[The Japan Times]
Gli elettori italiani sperano che questa sia la “terza volta buona” per Silvio Berlusconi. Infatti il magnate dei mass media italiano, uno degli uomini più ricchi al mondo, è quasi sempre fortunato. Ma qui la vera questione è se il terzo mandato di Berlusconi come Presidente del Consiglio italiano possa essere vantaggioso anche per il suo Paese. Tristemente, ci sono pochi motivi per credere che il nuovo Premier sia pronto a mettere gli interessi della sua nazione al di sopra dei propri e a prendere le decisioni difficili di cui l’Italia avrebbe bisogno.

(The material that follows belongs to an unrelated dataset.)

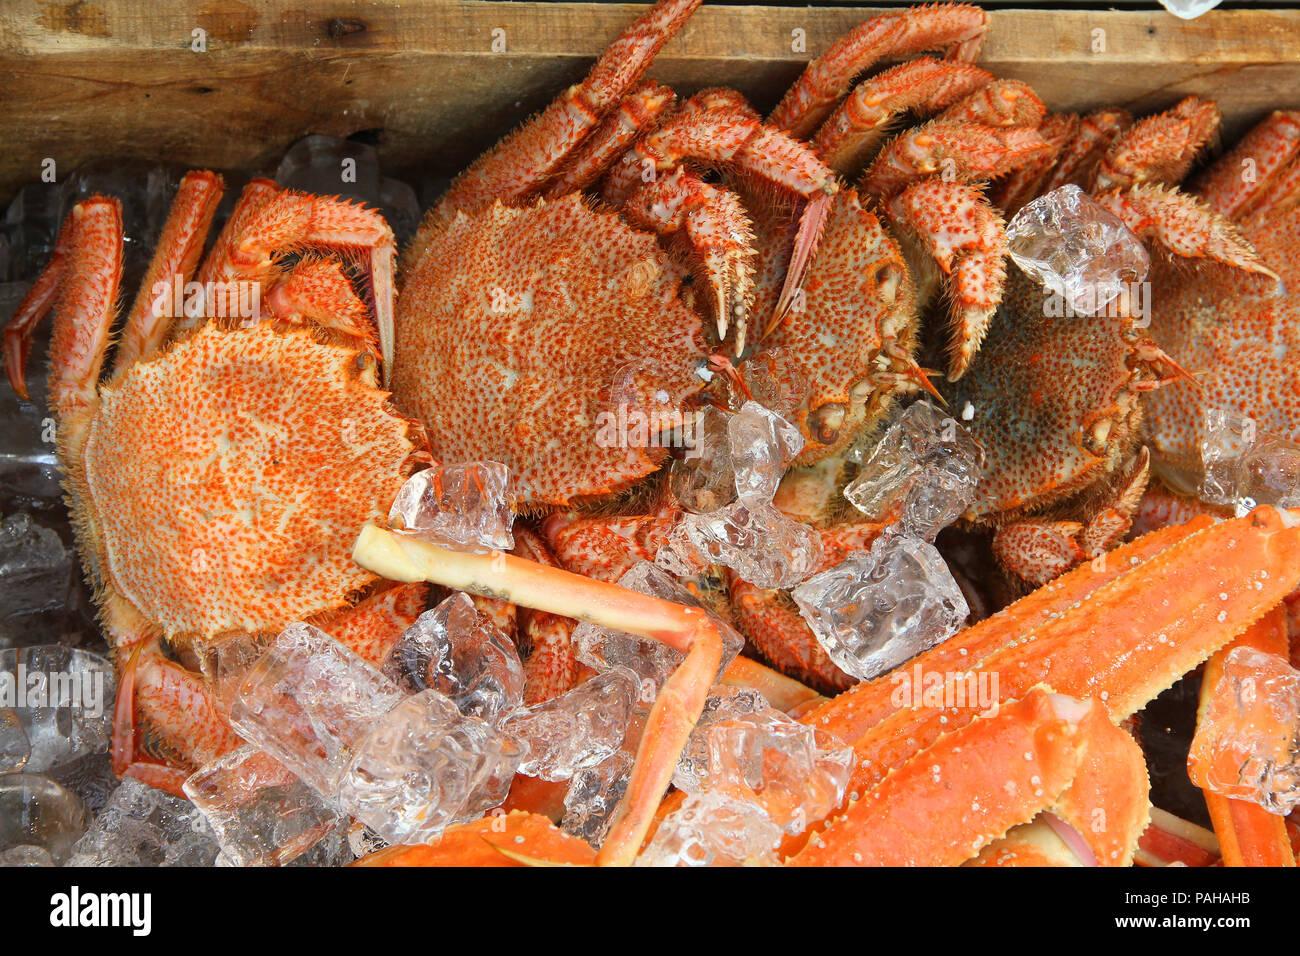 Kuromon Fish Market in Osaka, Japan. Fresh seafood - crabs in ice. - Stock Image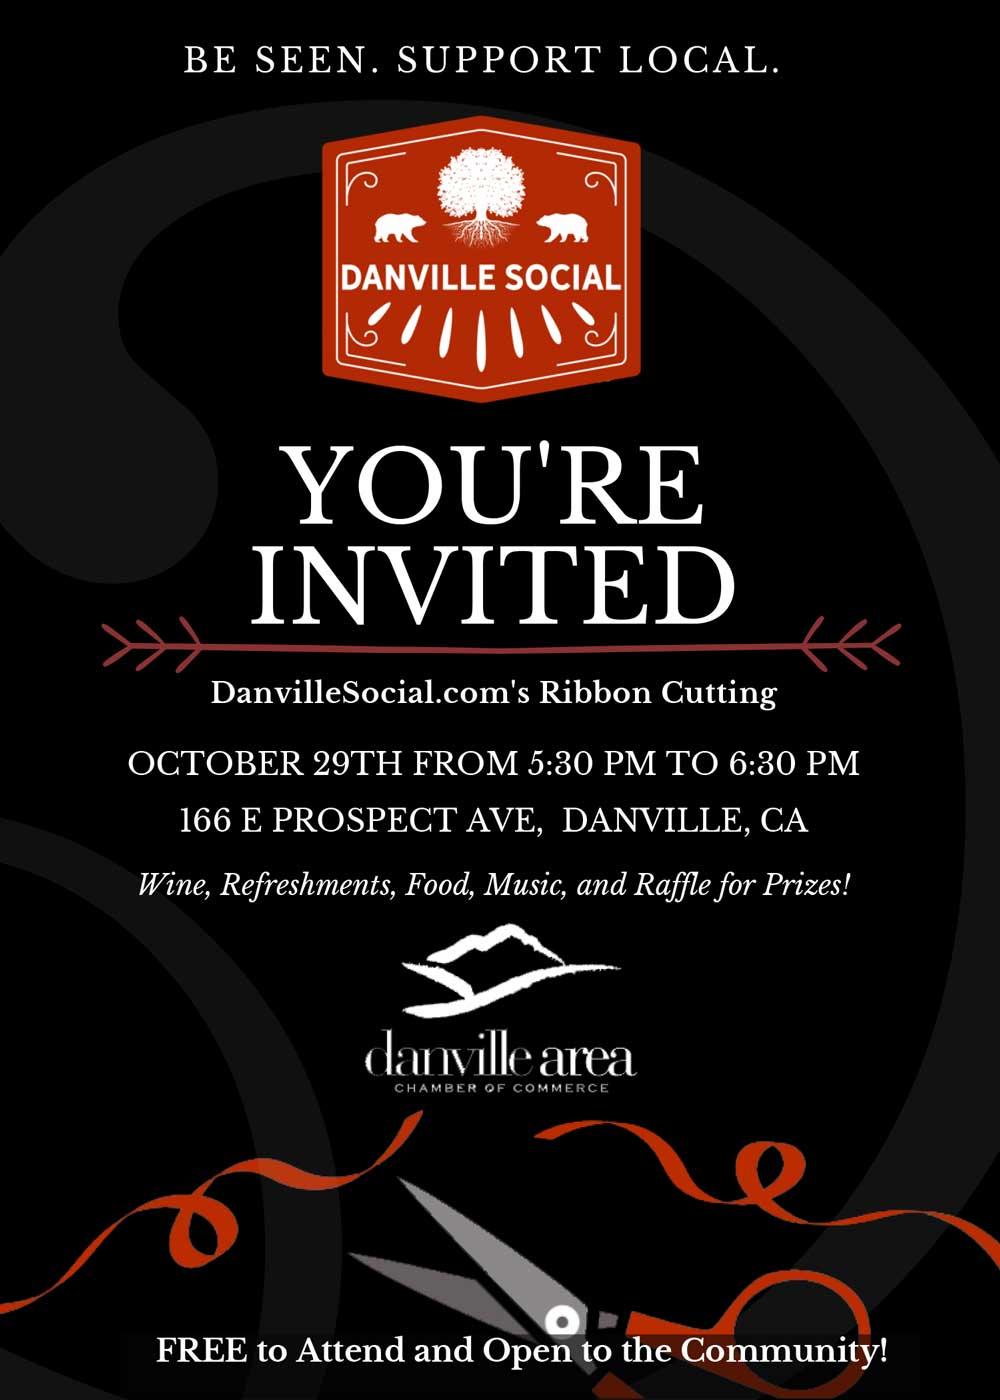 DanvilleSocial.com Chamber of Commerce Ribbon Cutting

L’Italia continua ad essere “il malato d’Europa”. Nonostante sia la settima economia mondiale più grande con il suo prodotto di 2.400 miliardi di dollari, è allo stesso tempo il Paese con la crescita più lenta tra le oltre due dozzine di economie avanzate individuate dal Fondo Monetario Internazionale. L’FMI prevede per l’Italia una crescita dello 0.3% nel 2008, considerevolmente al di sotto della media percentuale dell’1.4% delle altre 15 nazioni che usano l’Euro – per il tredicesimo anno consecutivo, l’Italia è rimasta indietro al gruppo preso nell’insieme. Ha il debito nazionale più alto di qualsiasi Paese della zona Euro ed è ultima fra i membri OCSE in quanto a produttività del lavoro.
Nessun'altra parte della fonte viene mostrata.